=== RECORDED INFORMATION ===
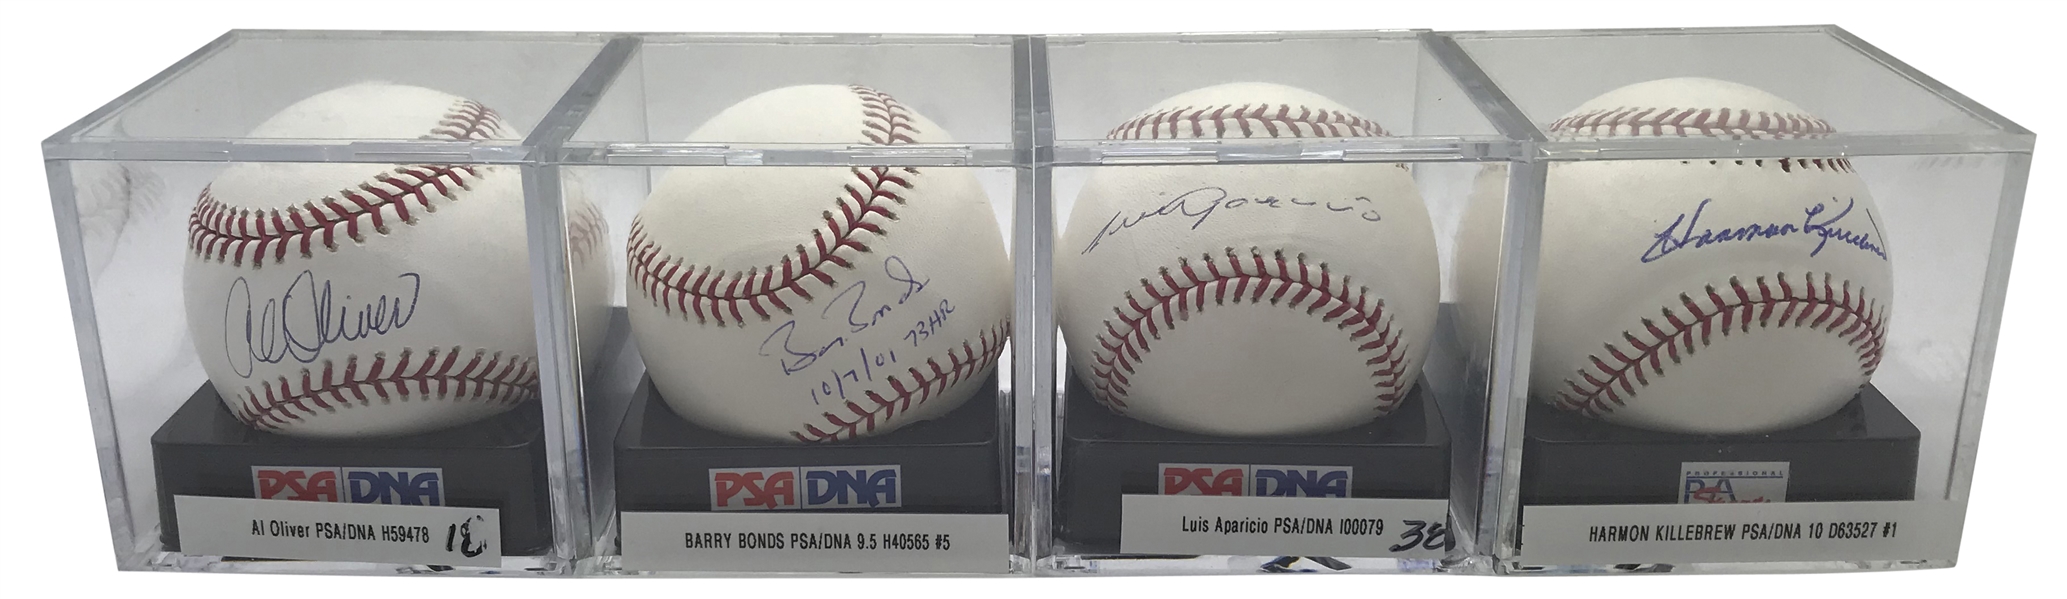 Lot of Seven (7) Single Signed MLB Stars Baseballs w/ Bonds, Killebrew & Others! (PSA/DNA)
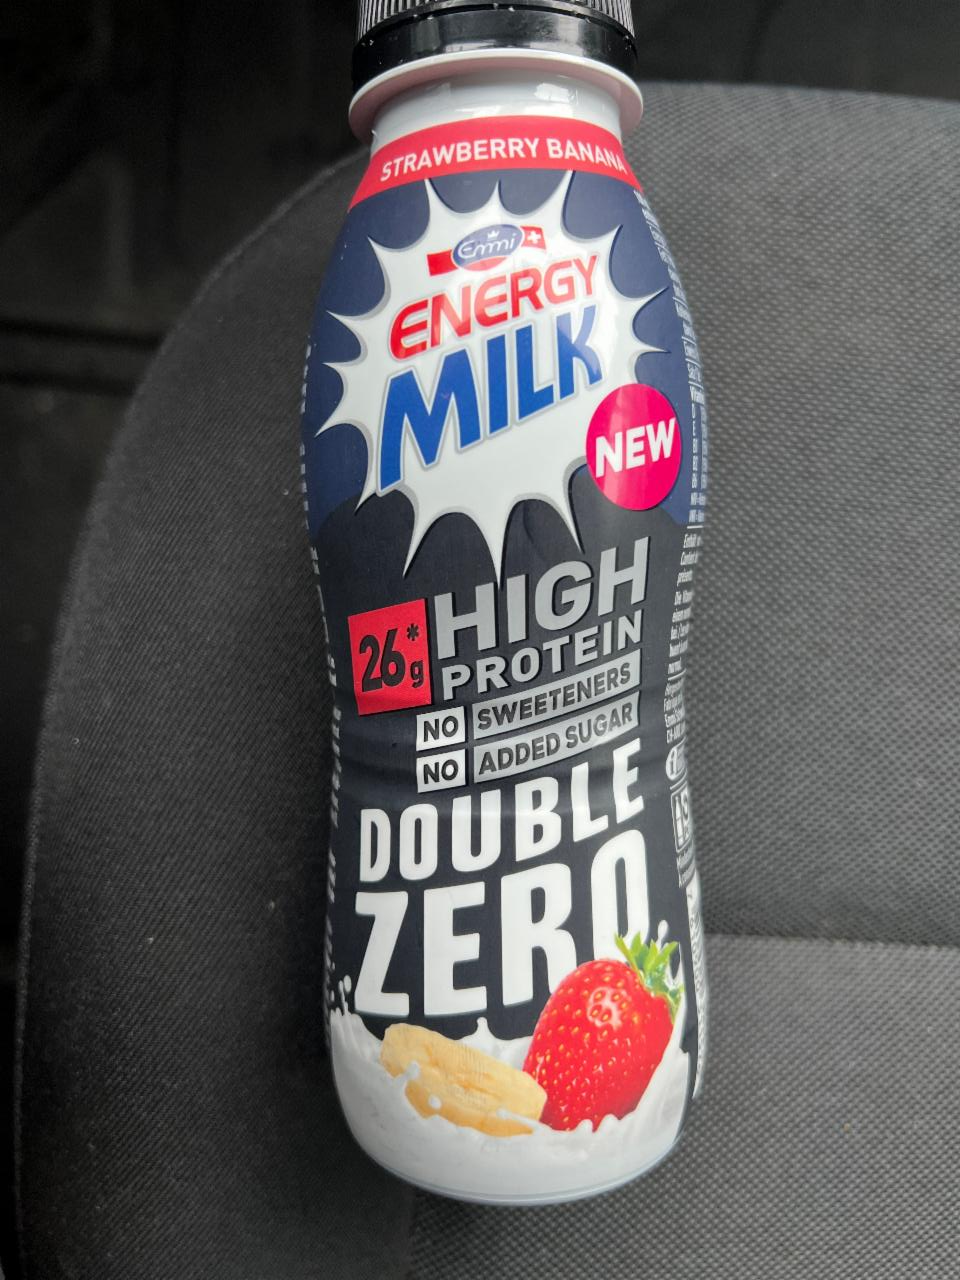 Fotografie - Energy Milk 26g High Protein Double Zero Strawberry Banana Emmi
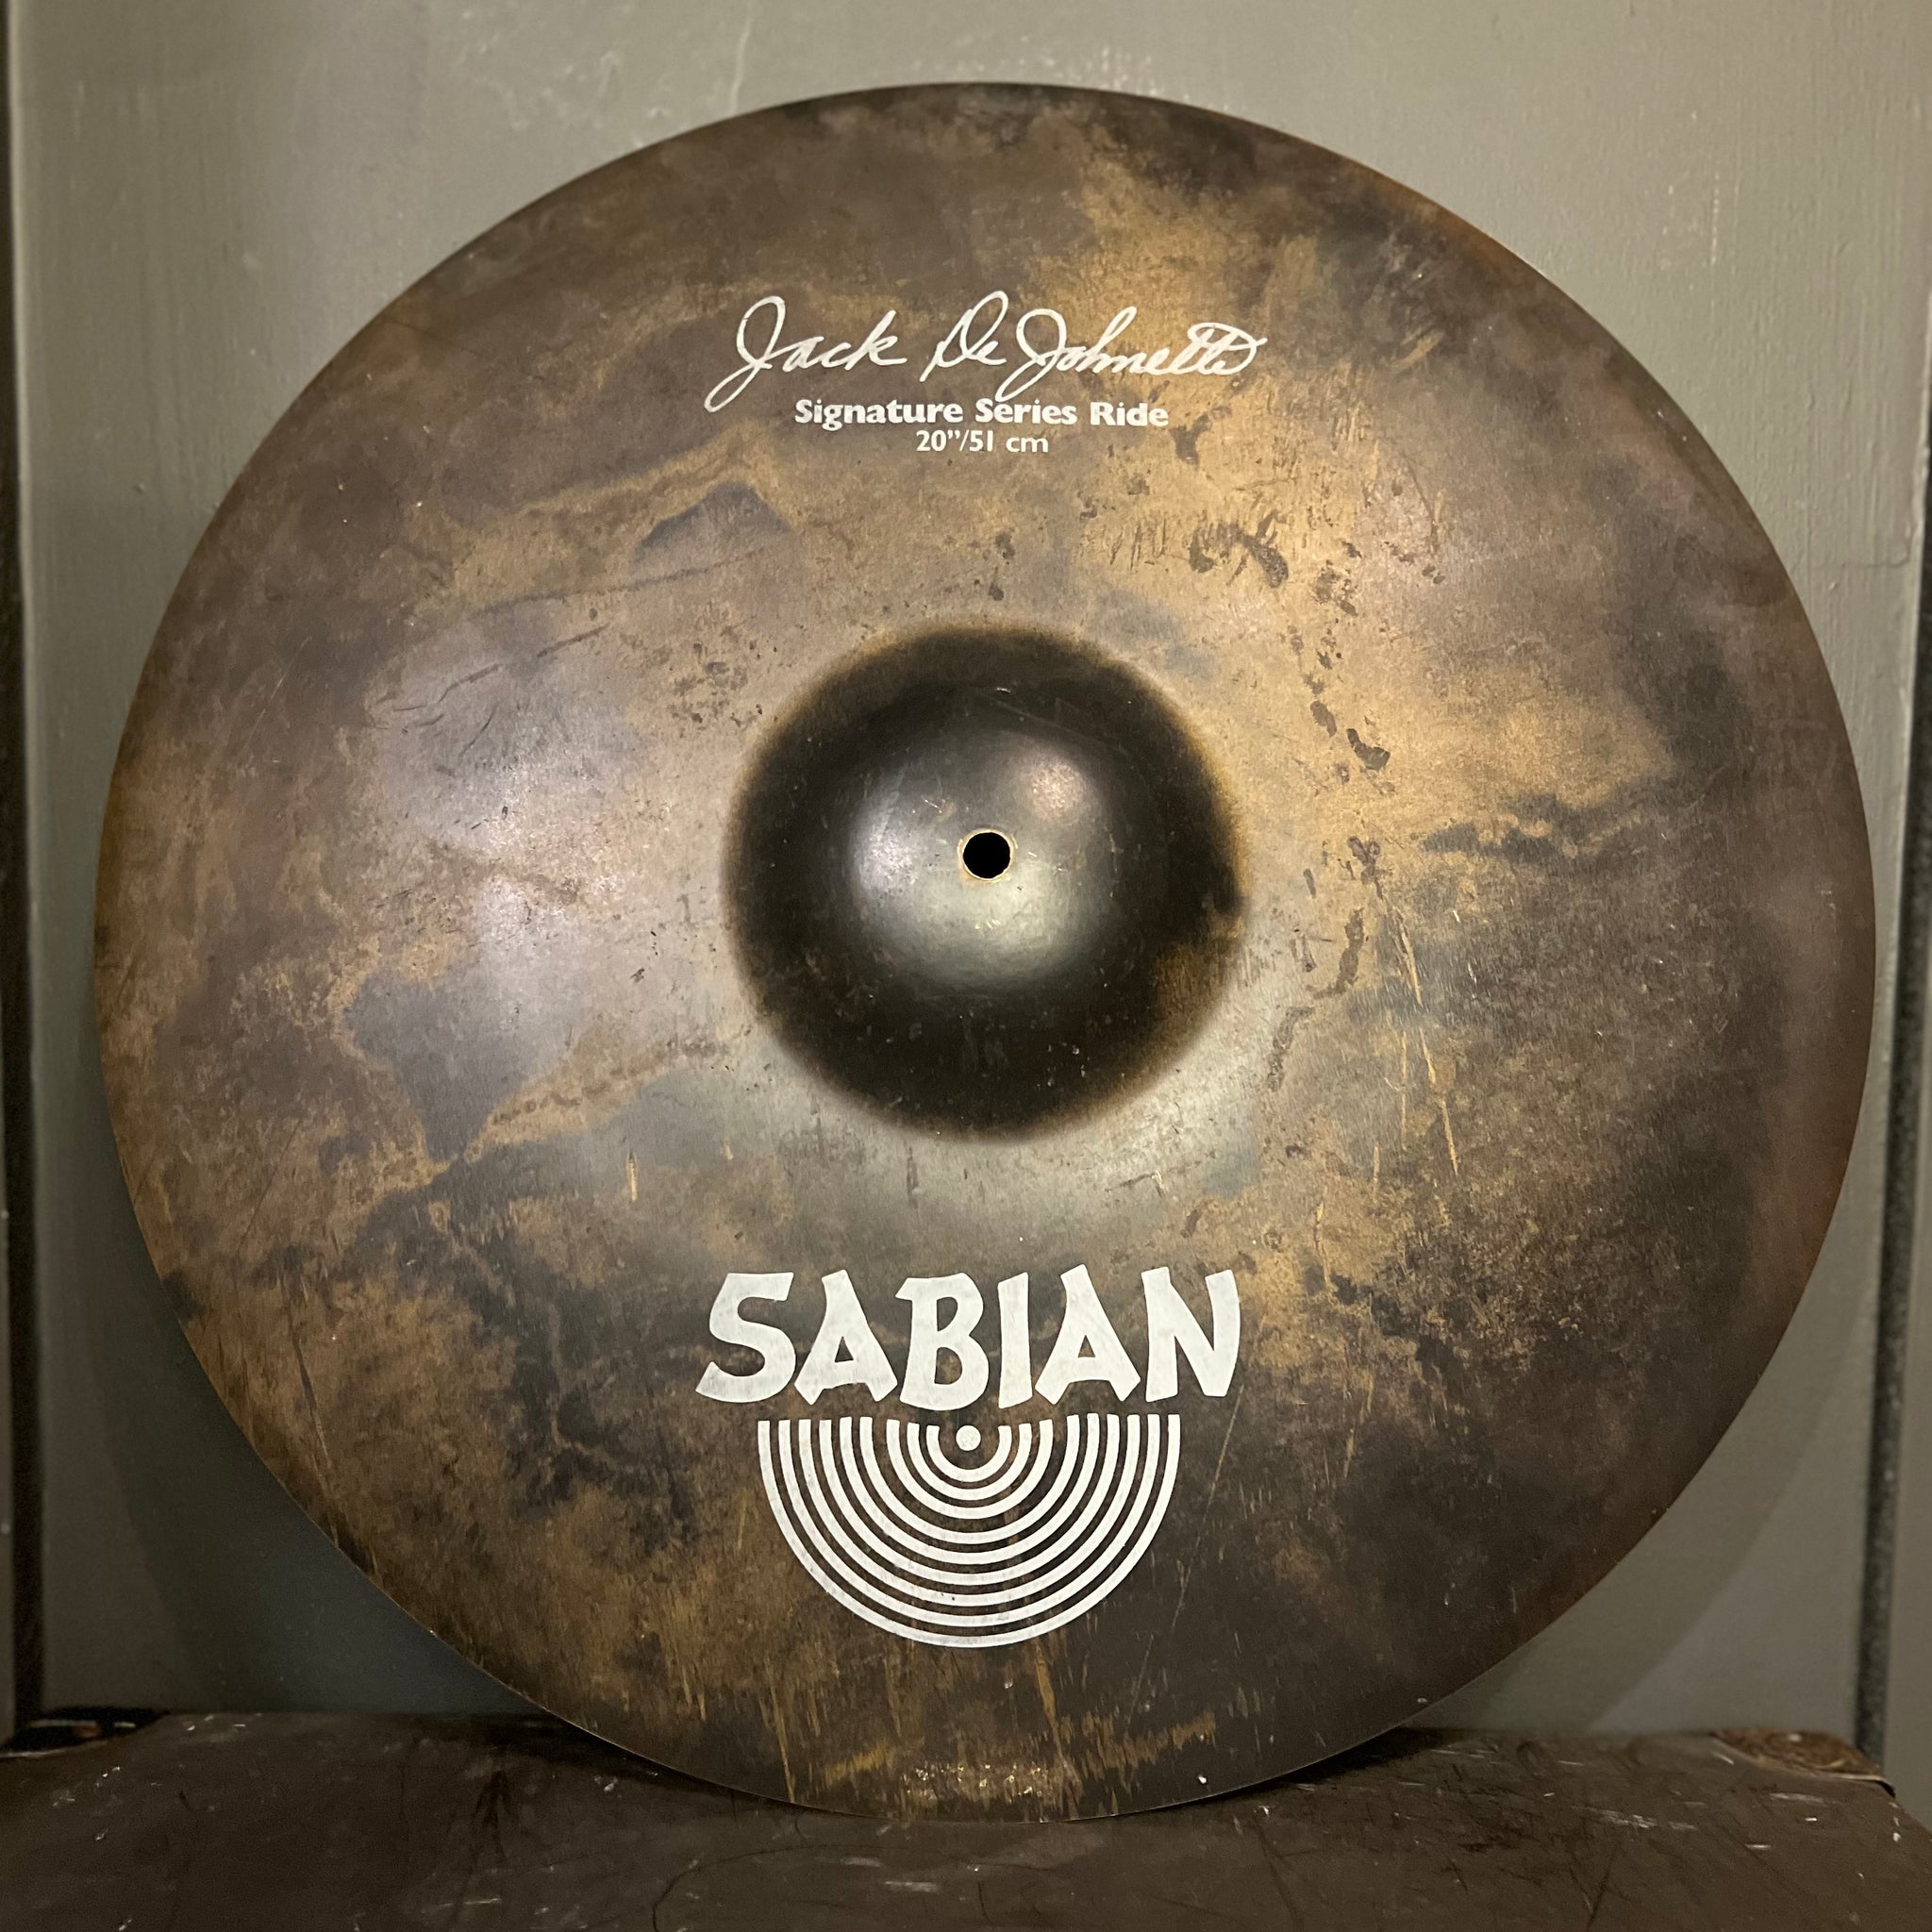 USED Sabian 20" Jack DeJohnette Signature Ride Cymbal - 2602
===
PROBLEM REQUIREMENTS
Return the whole listing exactly, minus its pictures.

EXERCISE ANSWER
 Lot of Seven (7) Single Signed MLB Stars Baseballs w/ Bonds, Killebrew & Others! (PSA/DNA)
 Fotografie - Energy Milk 26g High Protein Double Zero Strawberry Banana Emmi
 USED Sabian 20" Jack DeJohnette Signature Ride Cymbal - 2602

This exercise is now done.